• Task instructions:
Your response should consist of the entire listing, transcribed exactly, with every image left out.

• Supplied data:
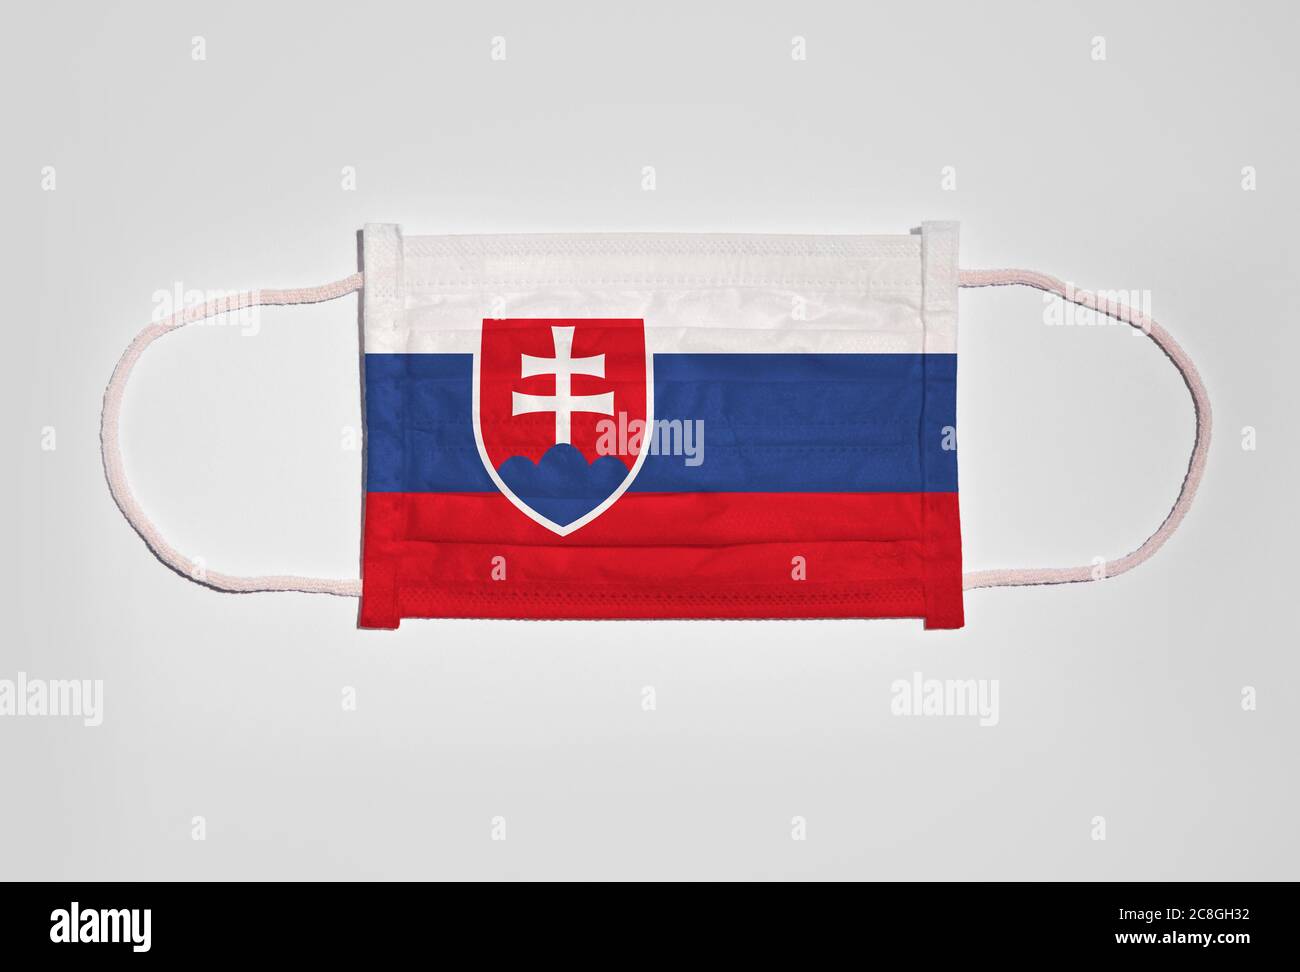 Symbolbild Corona Krise, Mundschutz, Atemmaske, Mund- und Nasenschutz mit Flagge der Slowakei, weißer Hintergrund Stockfoto
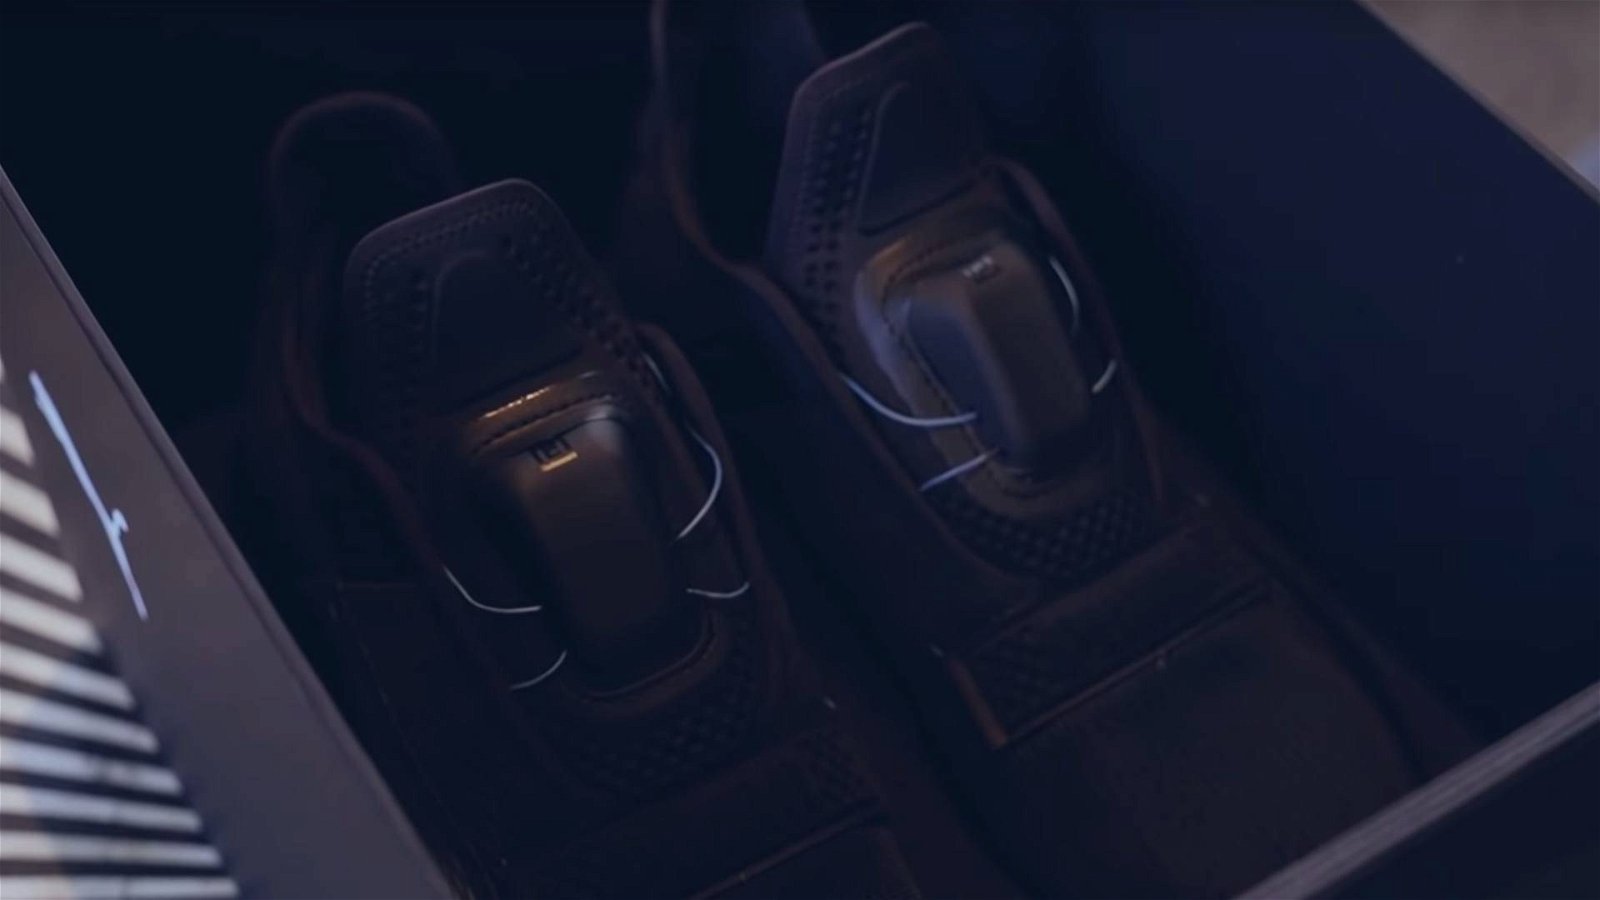 Immagine di Puma Fi, le scarpe sportive autoallaccianti che accendono la sfida con Nike
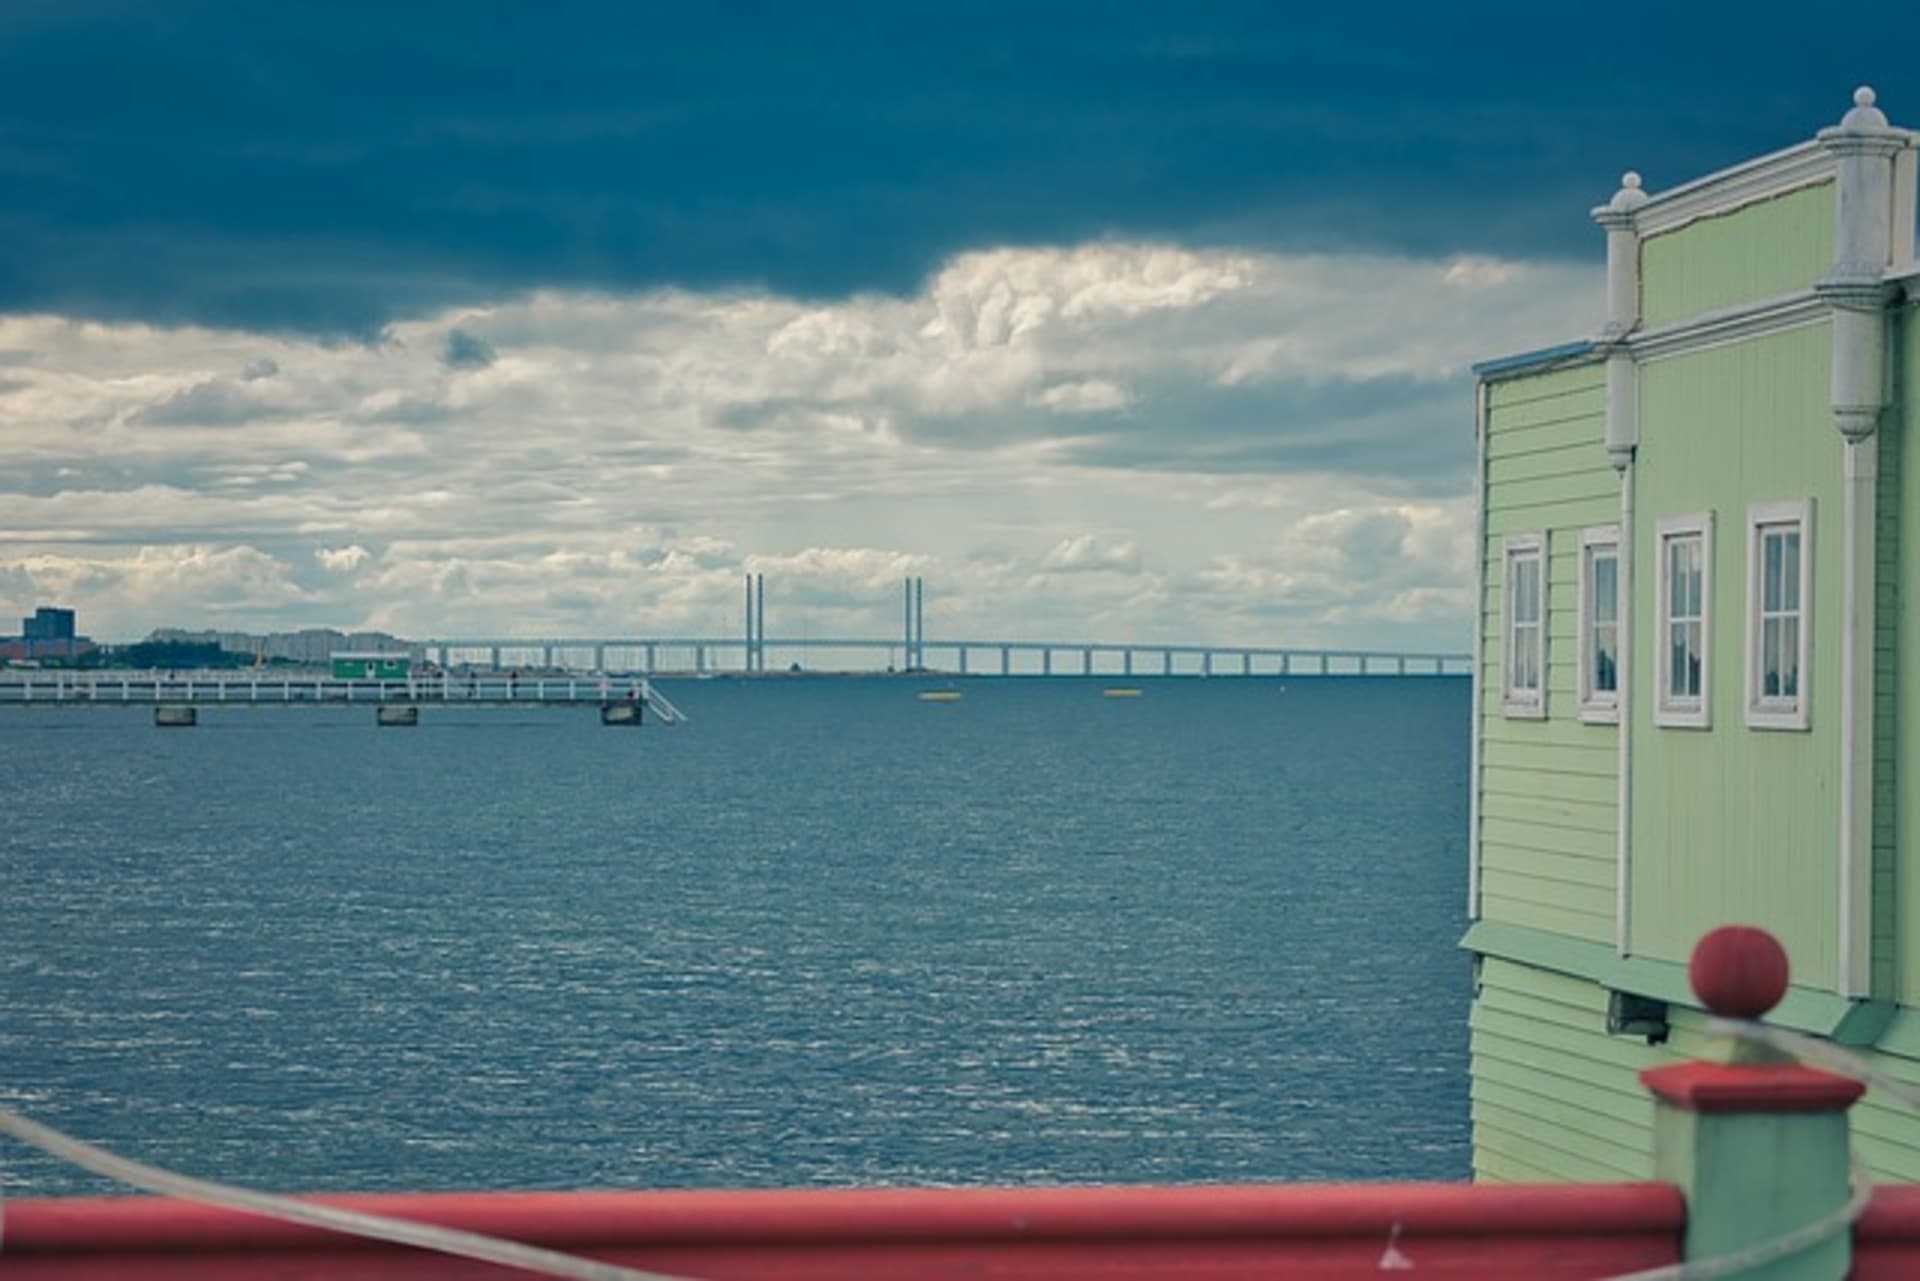 Öresundský most spojující Švédsko a Dánsko
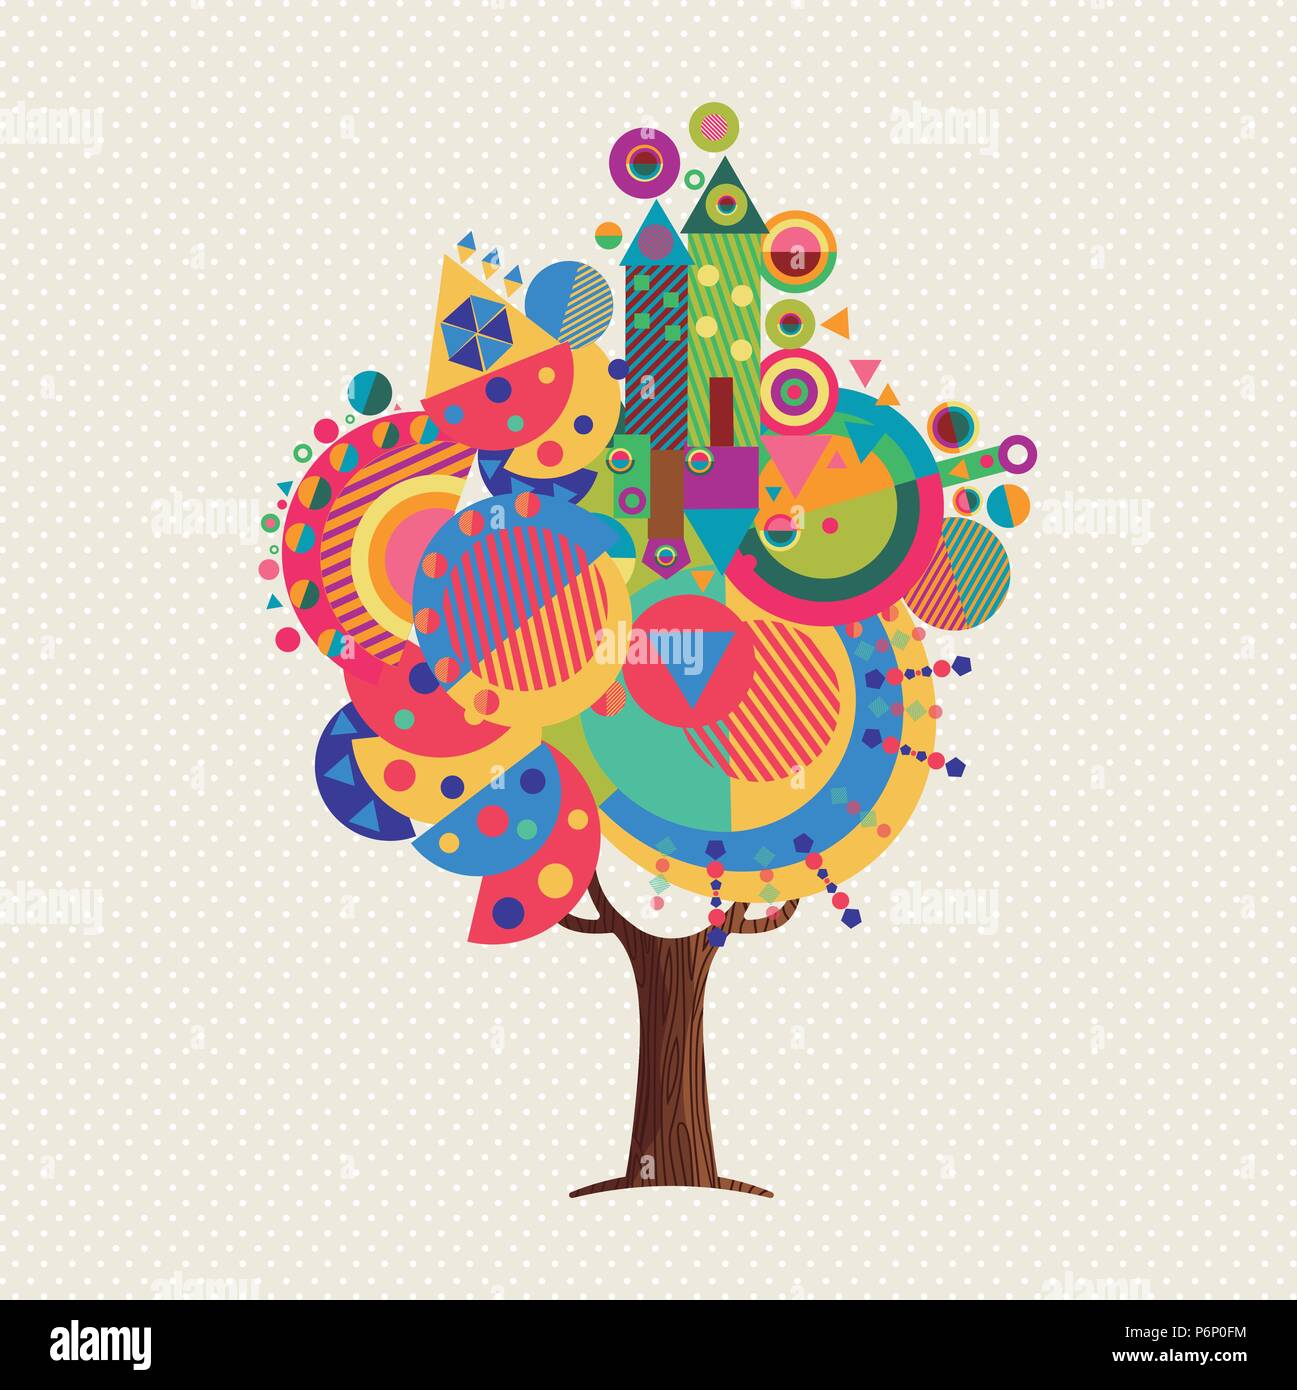 Tree fatta di colorate forme astratte. Colori vivaci icone geometriche e simboli per la divertente idea concettuale. EPS10 vettore. Illustrazione Vettoriale

• Written solution:
 Symbolbild Corona Krise, Mundschutz, Atemmaske, Mund- und Nasenschutz mit Flagge der Slowakei, weißer Hintergrund Stockfoto
 Immagine di Puma Fi, le scarpe sportive autoallaccianti che accendono la sfida con Nike
 Öresundský most spojující Švédsko a Dánsko
 Tree fatta di colorate forme astratte. Colori vivaci icone geometriche e simboli per la divertente idea concettuale. EPS10 vettore. Illustrazione Vettoriale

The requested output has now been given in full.